Jun 29, 2010 - 6:03 PM
Thank you, Arno. That's indeed what happened. Your info has been invaluable to me!
I returned yesterday. I had the best time. The Bernese Oberland is picture-perfect, like entering a fantasy world of beauty, only it's for real.
Swiss trains are a dream come true too. The Half Fare card (which I ended up purchasing with no problem at the Geneva airport train station)turned out a lot more comfortable for me than I had anticipated, because I'm such an obsessive organizer that, on the first morning, I just handed my itinerary print-out to the wonderfully nice assistant at the Tourist Office and she gave me all the tickets I needed according to my itinerary, so I never had to wait in line to purchase tickets during my stay. She even took the initiative to sell me tickets via different ways, so I'd get varying landscapes instead of riding twice the same route!

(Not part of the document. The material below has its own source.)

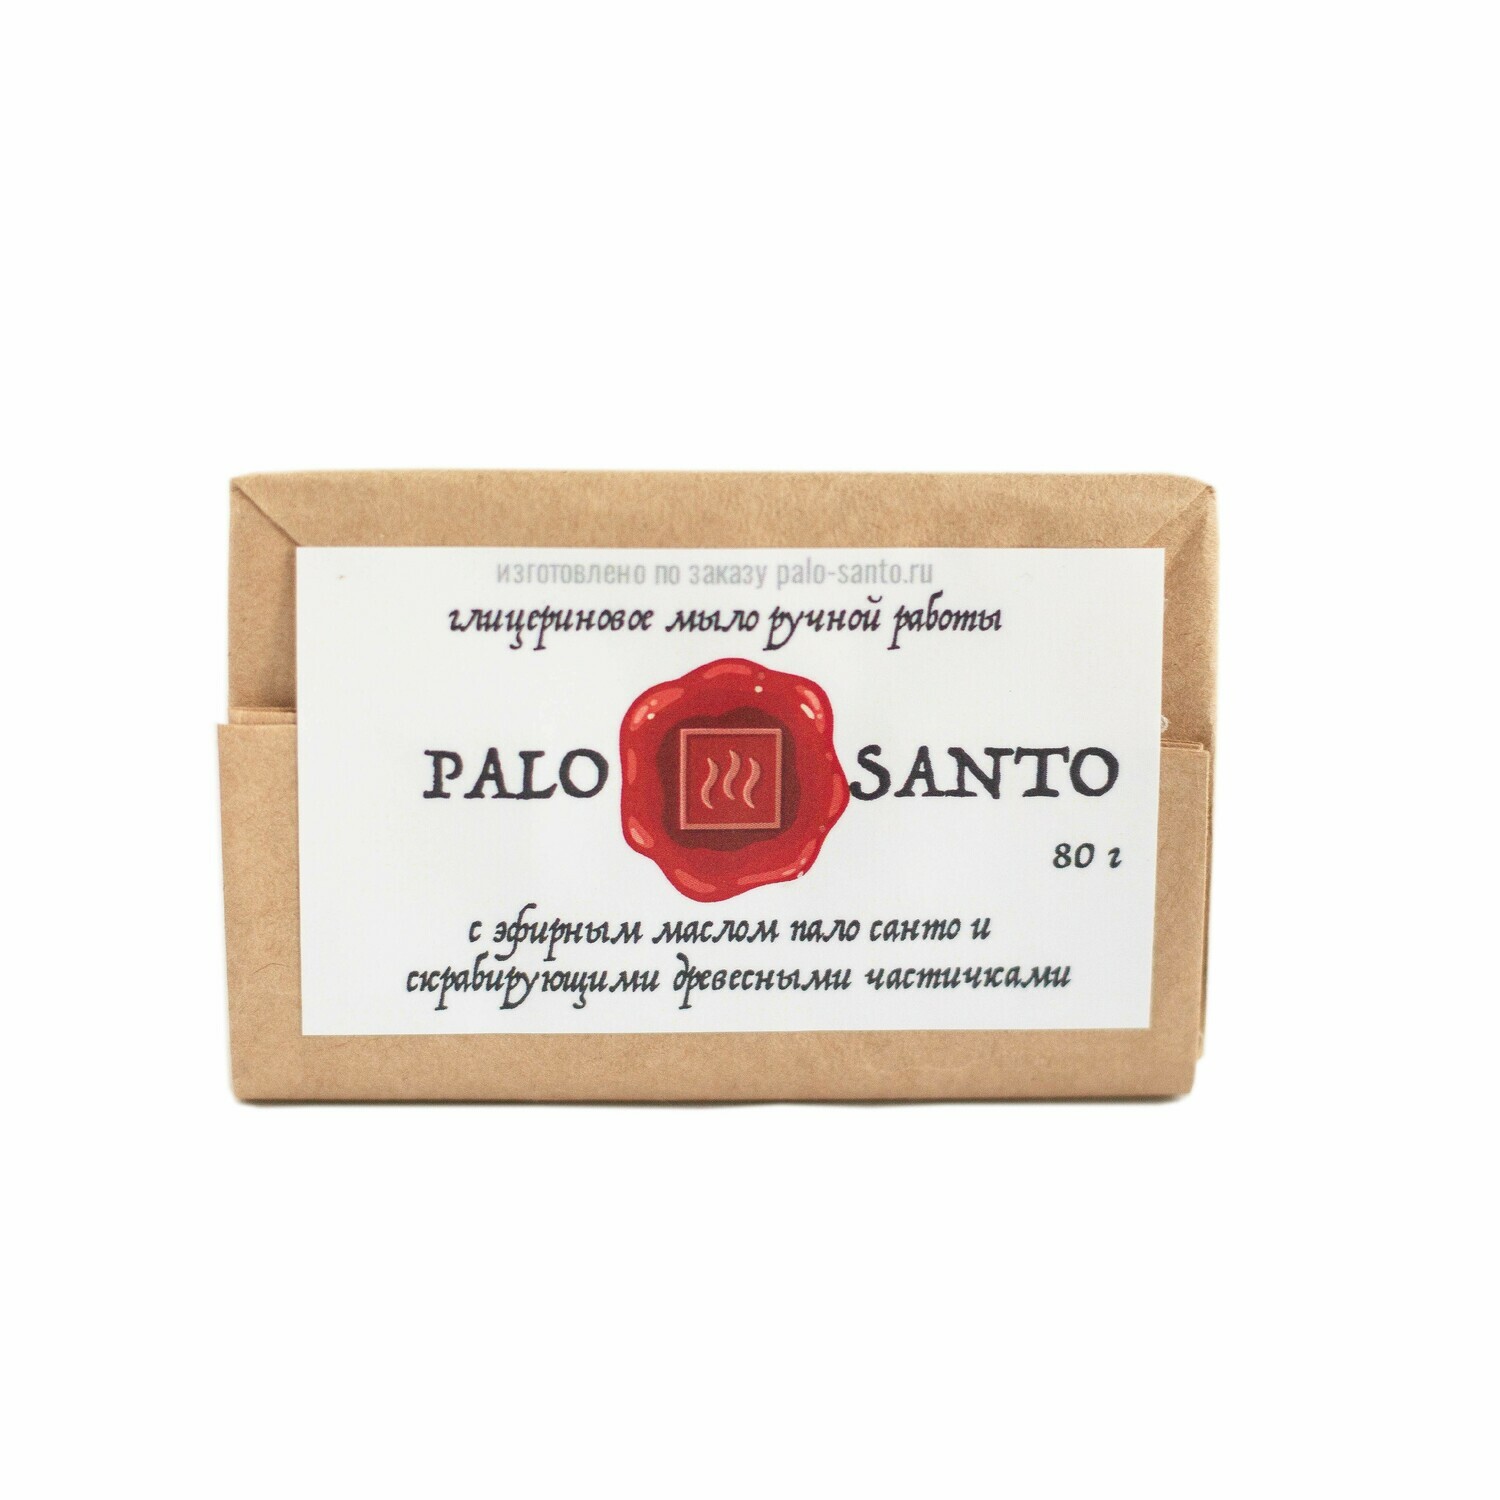 Ароматическое мыло Пало Санто и Древесные частички, 80 гр

Another wet dream: when you arrive in Switzerland, wherever you are, you go into the nearest train station, however small, and say "take all this luggage from me, I don't want to see it again till X day at Y time in Z place", the whole transaction takes about half a minute, and then your luggage appears, waiting for you when you arrive at the designated city and place at the designated time. They were even so nice as to call the Zurich Airport train station from the Interlaken one, to tell them not to lock my luggage for the night because I was arriving later than the luggage storage room would be open. So they opened the storage room especially for me when I arrived. I did a lot of shopping, so twice I went to the train station and sent off heavy baggage to wait for me at Zurich airport. This means your first and last train days are part of the tourism fun, because you're actually traveling with no bags. If you consider how much you save on taxis, how grateful your back is, and how much you enjoy, the price is nothing.
In short, the Swiss travel system is proof of how effective humans can be if they put their minds to it.